Over the past 20 years, more than 6000 studies have used one of the most common classes of biodiversity modeling, species distribution models (SDMs). Over half of the studies using SDMs sought to apply their results to at least one type of biodiversity assessment, including forecasting the effects of climate change on biodiversity, or selecting places for protected areas, habitat restoration, and/or species translocation.
Results of SDMs are now feeding into major global assessments of the impacts of human activities on the living world, such as those by the IPBES (Intergovernmental Science-Policy Platform on Biodiversity and Ecosystem Services), the IUCN (International Union for Conservation of Nature), and the IPCC (Intergovernmental Panel on Climate Change).
Despite the high demand for use of species distribution models in biodiversity assessments, no generally agreed-upon standards for best practices exists for guiding the building of these models and for evaluating the adequacy of the models that feed into these assessments. “In practice, assessors often made ad hoc judgments about which studies to include, and papers with greater visibility, such as those published in high-profile journals, are frequently favored. The problem is that journal decisions depend on many factors that extend well beyond the appropriateness of the data and models, and the impact of a journal—or even the number of citations of a given paper—is a poor indicator for a study’s appropriateness for inclusion in biodiversity assessments,” explains Miguel Araújo, lead of author of the study, from the Spanish Research Council (CSI) at the National Museum of Natural Sciences in Madrid.
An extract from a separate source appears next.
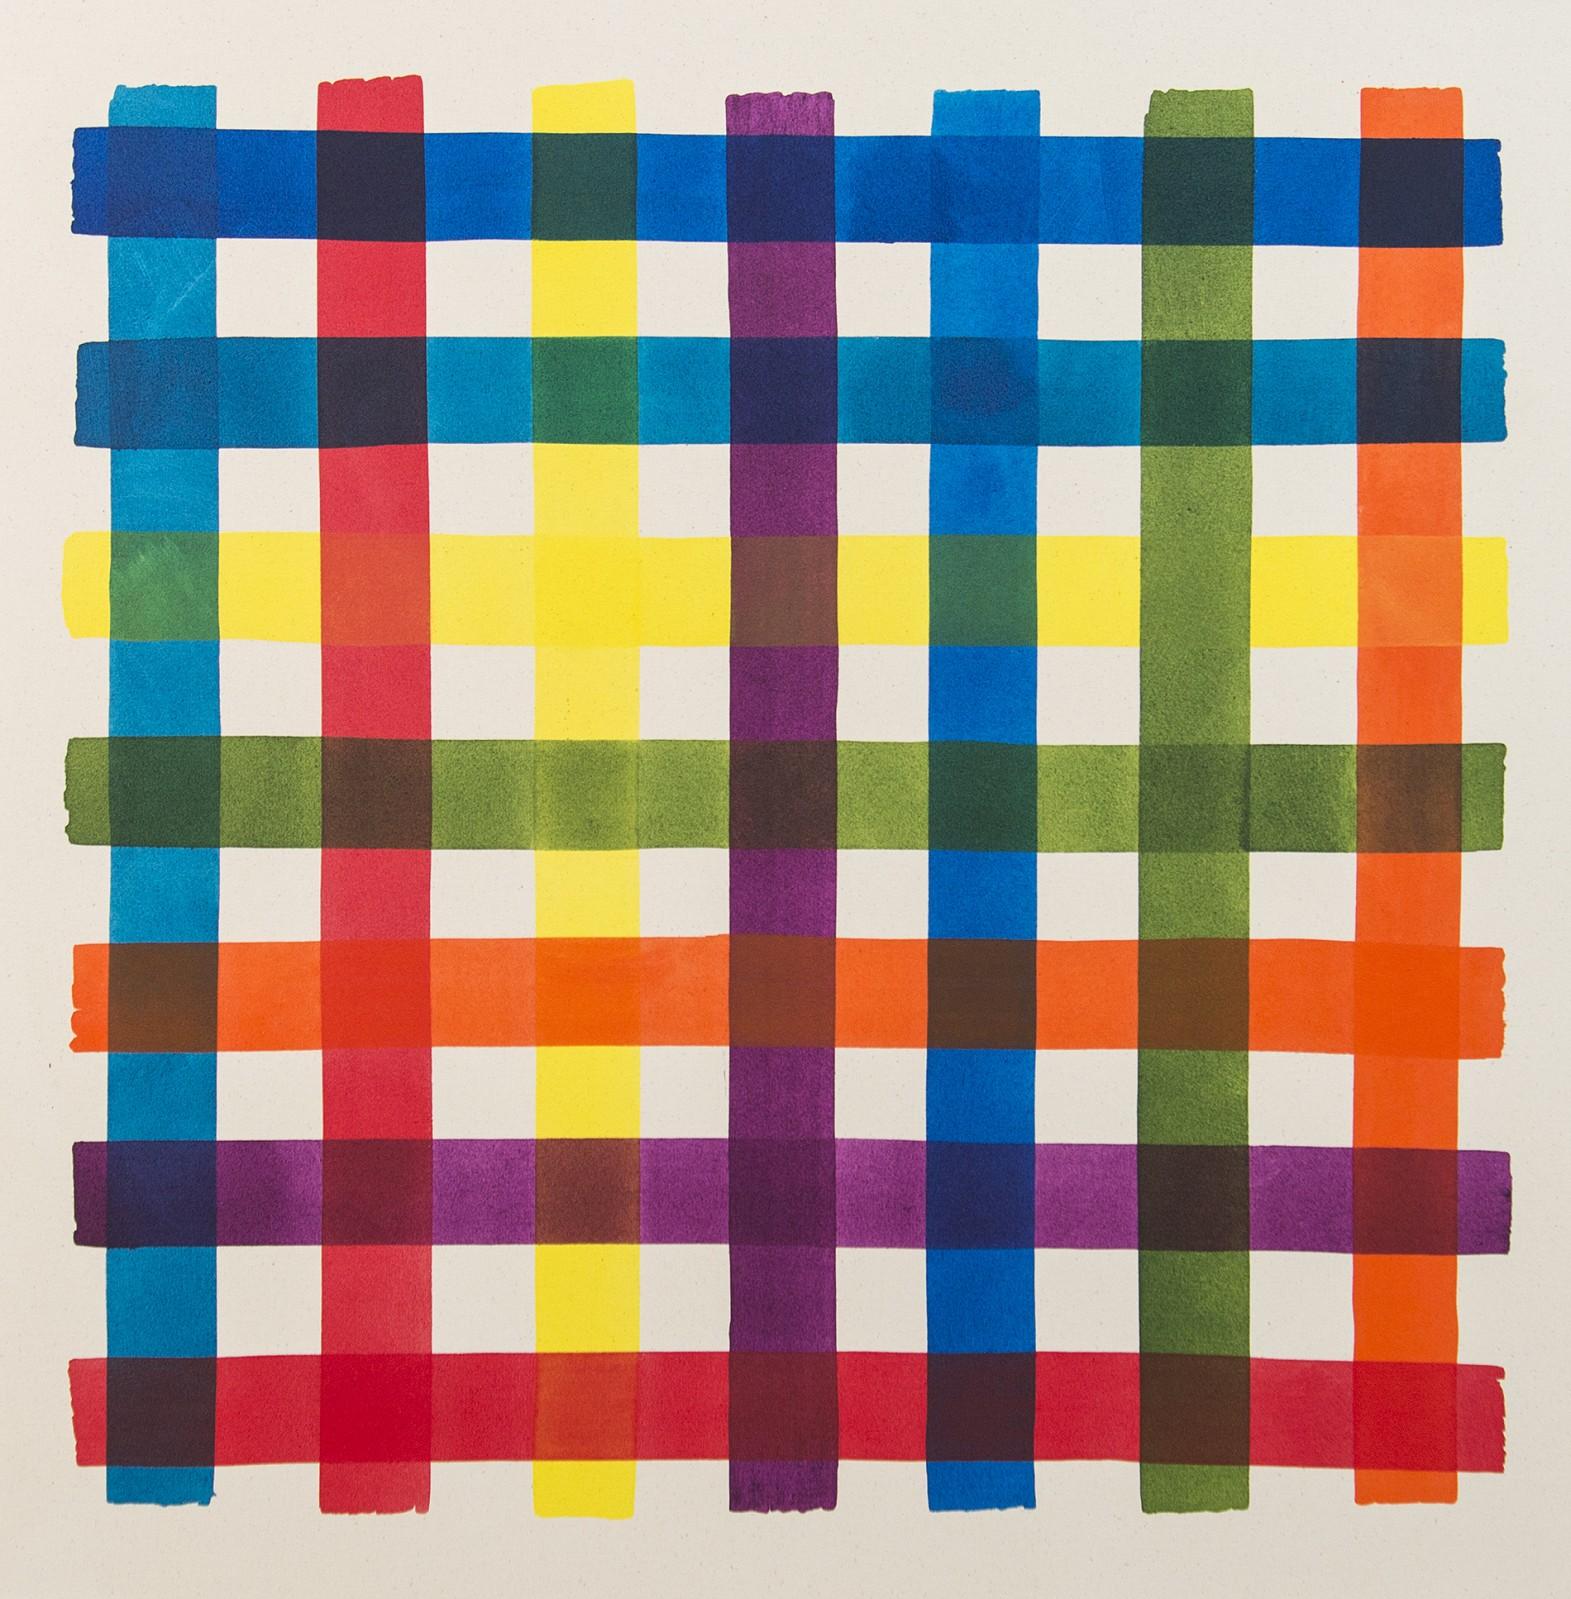 Gris de test multicolore - audacieux, vibrant, saturé, contemporain, acrylique sur toile - Painting de Aron Hill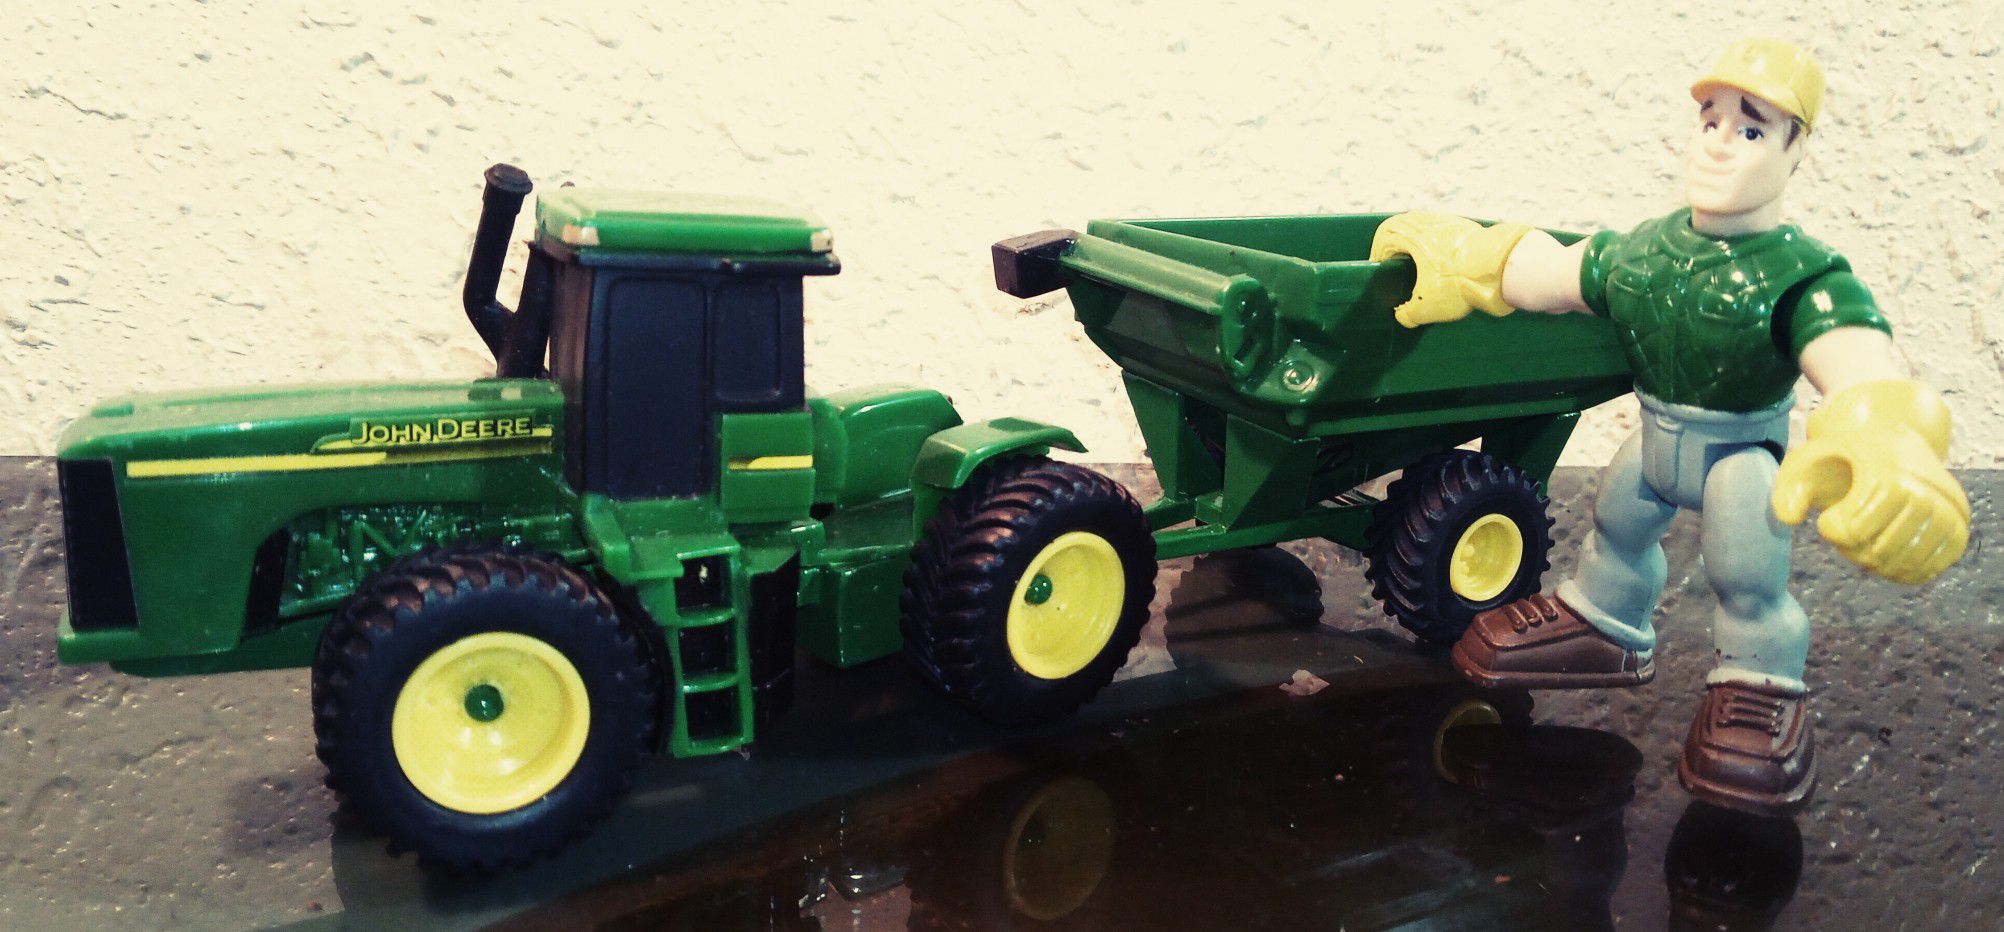 JOHN DEERE, ERTL, Farm Toy Tractor

One solution, proposed by IPBES in one of its most recent assessments, is for the scientific community to establish and agree upon a specific set of best-practice standards and guidelines to support the evaluation of studies and weight the appropriateness of data and models used in the assessments supporting policy recommendations and decisions. This is exactly what this international consortium of leading biodiversity modelers did, with core funding from the European Commission’s COST program.
“The aim was to reach consensus on best-practice standards for models in biodiversity assessments so to provide a hierarchy of reliability, ensure transparency and consistency in the translation of scientific results into policy, and encourage improvements in the underlying science,” says Carsten Rahbek from the Center of Macroecology, Evolution and Climate at the University of Copenhagen.
“For different aspects of modeling, namely the choice of data, choice of model fitting strategy, and model evaluation we determined specific standards and guidelines. In particular, we proposed four levels of standards. The gold standard is aspirational. It usually requires data and next generation modeling approaches that remain under development, as well as results obtained through multiple sources of evidence.
The silver standard corresponds to current cutting-edge approaches, typically involving imperfect data combined with analyses that allow uncertainty and bias to be reduced, accounted for, or at least estimated.
The bronze standard encompasses data and procedures that represent the minimum currently acceptable practices. It includes approaches to characterize and address limitations of data and models, and to interpret their implications on the results.
The final category (deficient) involves the use of data and/or modeling practices that are considered unacceptable for models used in driving policy and practice.”
The use of standards is not new in applied sciences. For example, the use of guidelines for application of best practice standards in health care has been shown to save lives in a variety of medical applications. Guidelines for best-practice standards have also existed for quite some time in aviation to determine whether every step in complex machinery operations has been taken.
Why similar guidelines have not previously been established in applications of models for biodiversity science?
“Firstly, there is still relatively little pressure for findings in biodiversity research to percolate through biodiversity management decisions. In practice, many decisions are still based on opportunistic considerations, expert judgment, or intuition.
Secondly, while human survival, or passenger safety on aircraft, can be easily measured, the myriad facets of biodiversity are considerably harder to define, let alone measure. What is to be maximized? Species richness? Functional diversity? Persistence?
Thirdly, is the lack of agreement among the modelers themselves about what constitutes a best practice. This was indeed the main reason why the authors of this research decided to get together and work on the differences over fundamental conceptual and methodological issues.
The consensus achieved represents a landmark in the field and we hope it will help biodiversity assessors navigate the jungle of published papers as well as contribute to increasing the quality of the data and models used in biodiversity assessments,” says Araújo.